TASK INSTRUCTIONS: Output each line of the data below exactly, omitting any image.

DATA EXCERPT:
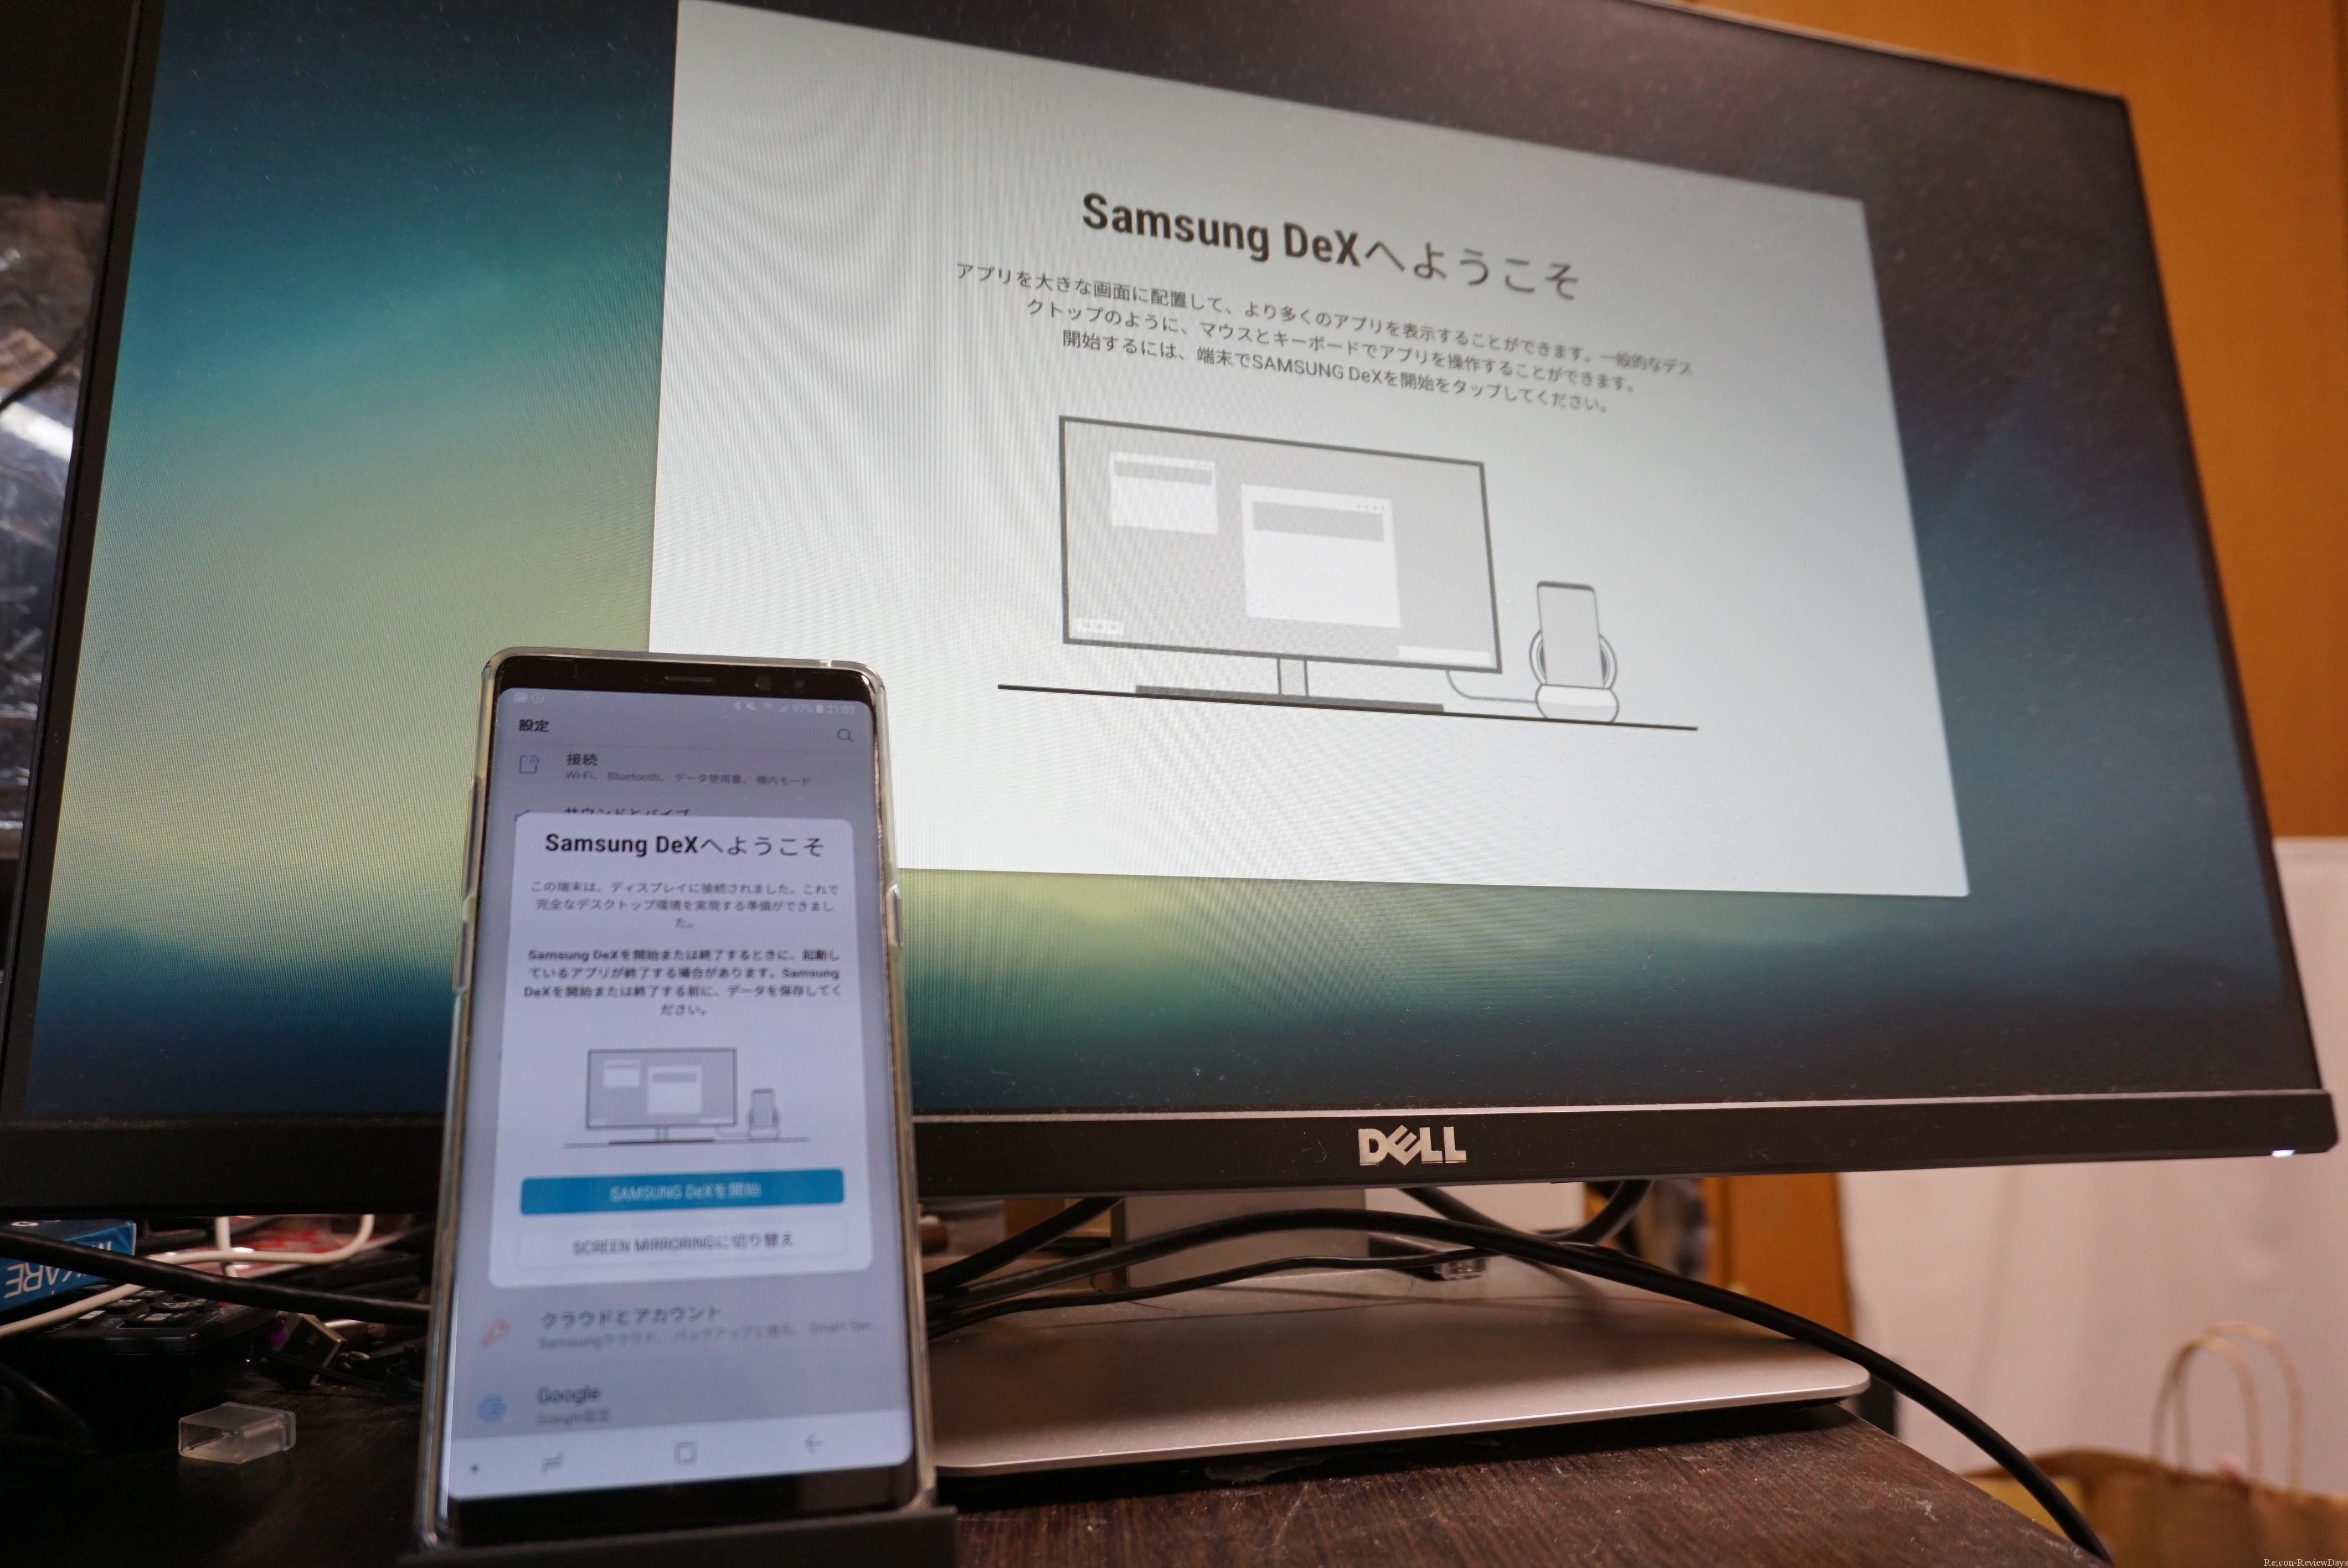 Samsung DeX Stationの互換を持つ安価なドッキングステーション「SMOS Dex Station(KZW-001)」の外観をチェックする #Samsung #S8 #Note8
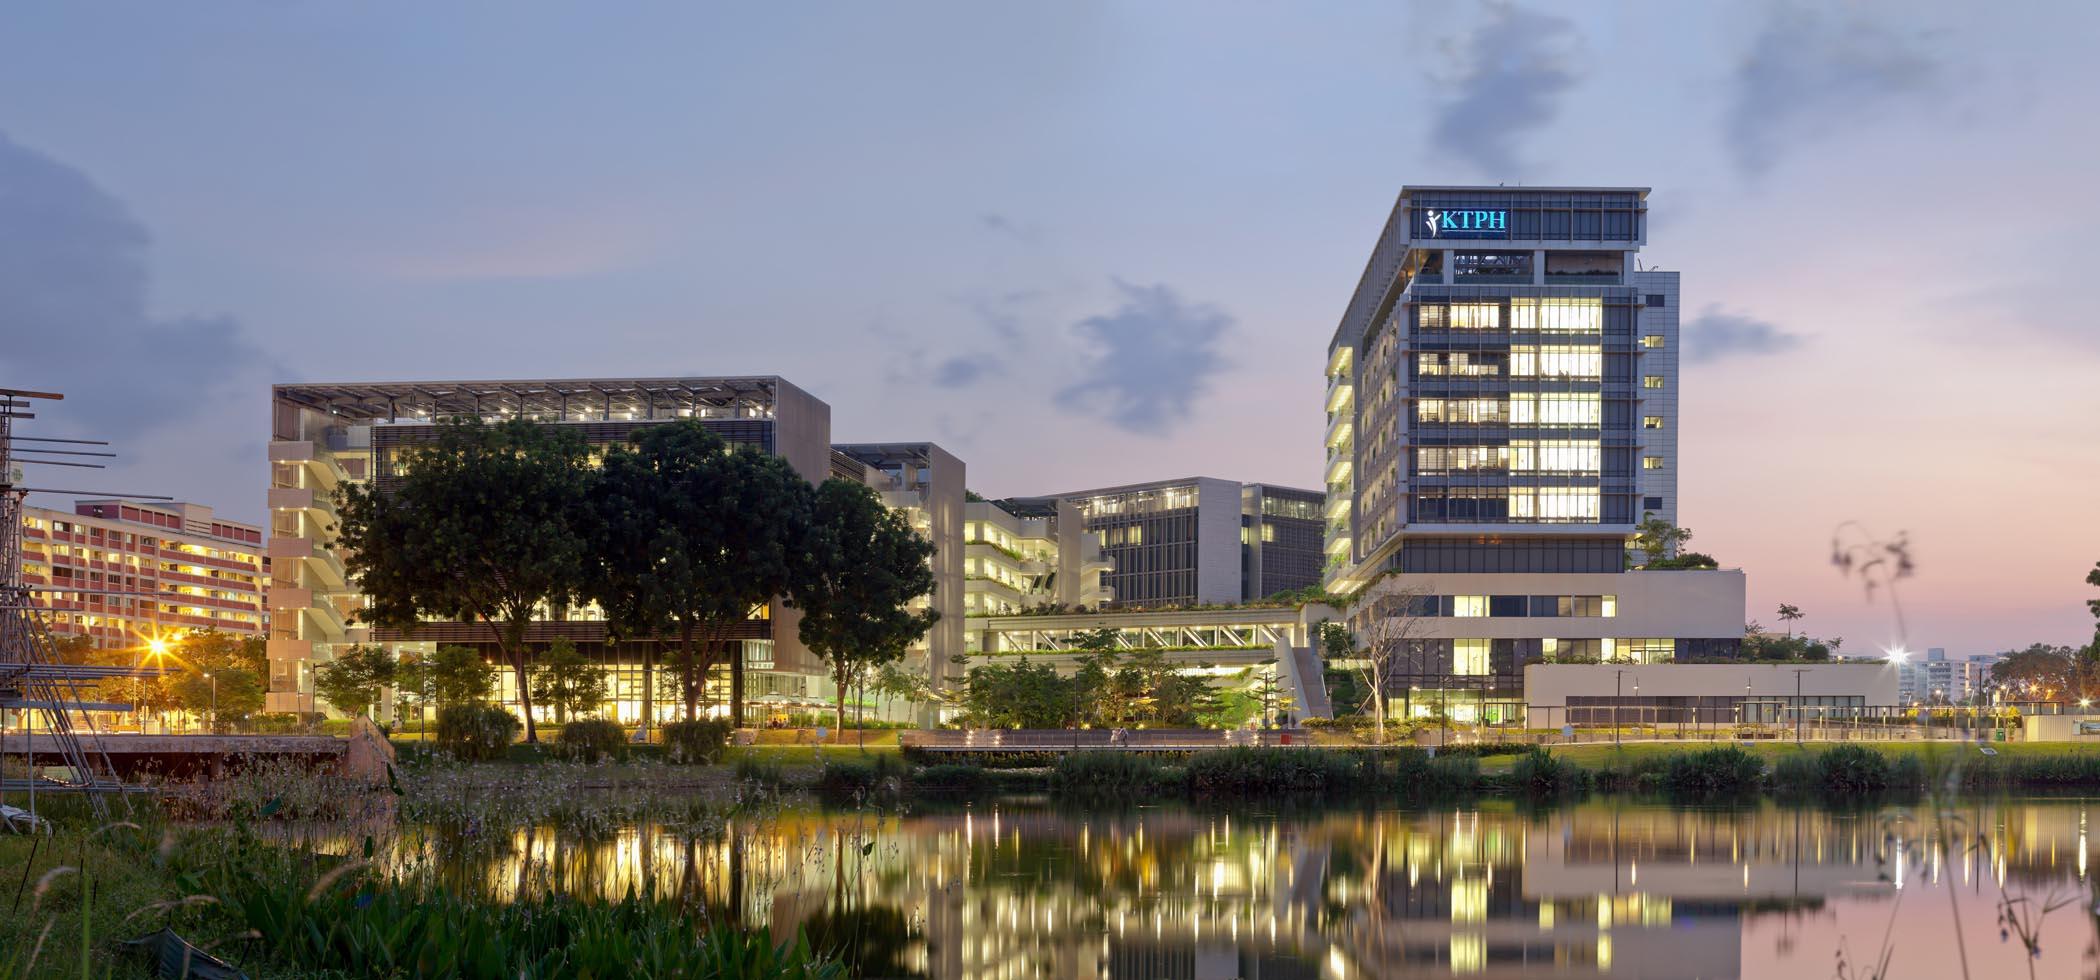 hospital architecture khoo teck intelligent most puat modern hospitals matters rmjm singapore architects cooper
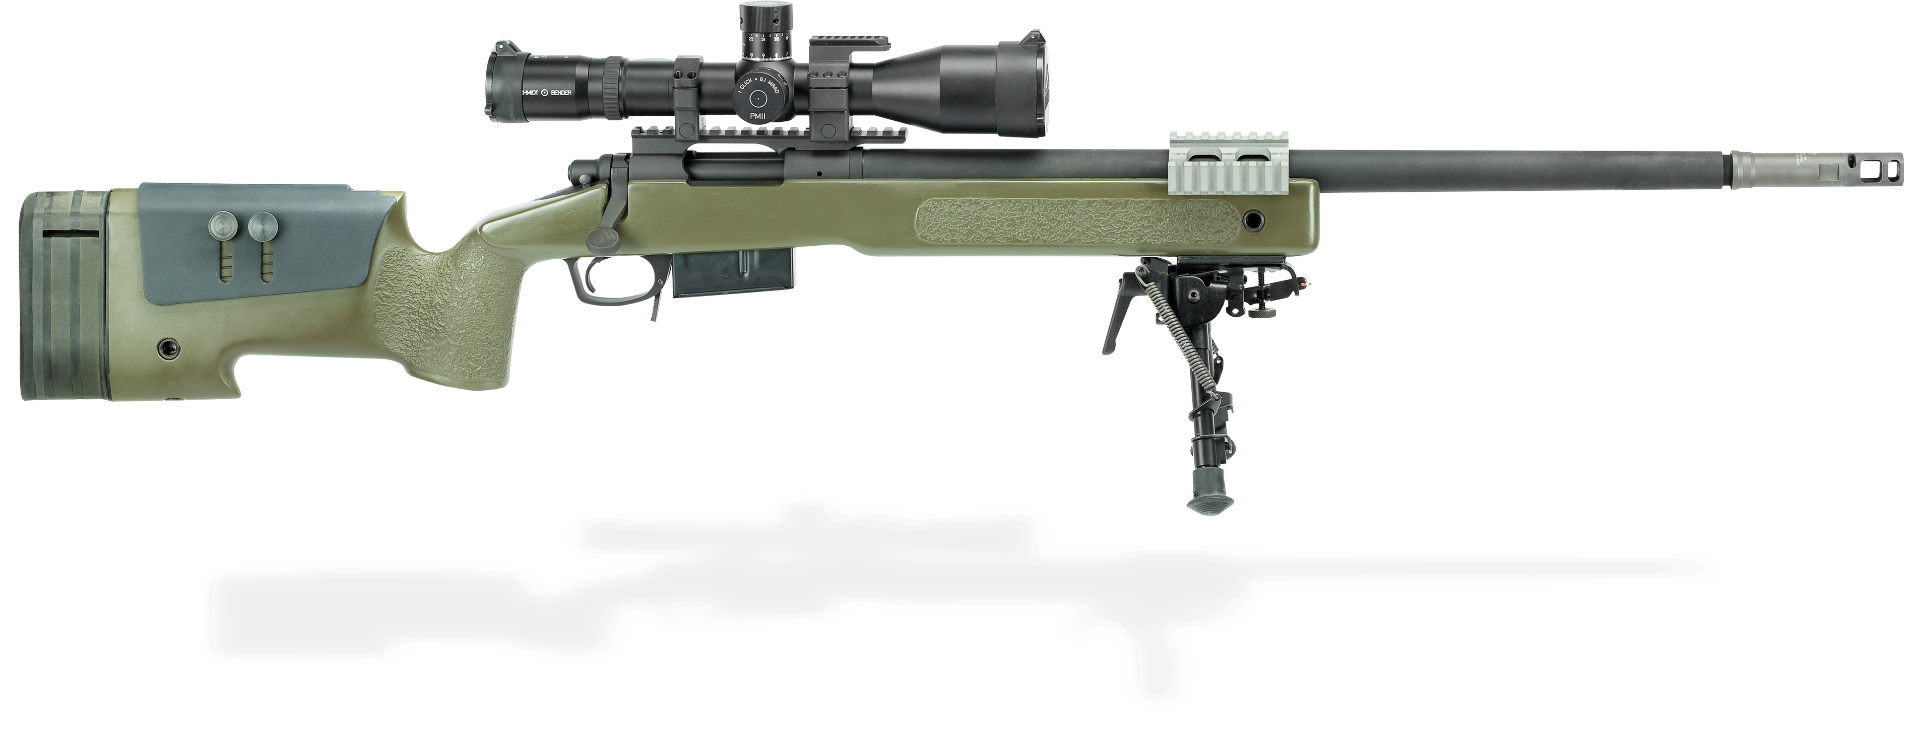 usmc m40a5

WRITTEN RESPONSE:
 Samsung DeX Stationの互換を持つ安価なドッキングステーション「SMOS Dex Station(KZW-001)」の外観をチェックする #Samsung #S8 #Note8
 hospital architecture khoo teck intelligent most puat modern hospitals matters rmjm singapore architects cooper
 usmc m40a5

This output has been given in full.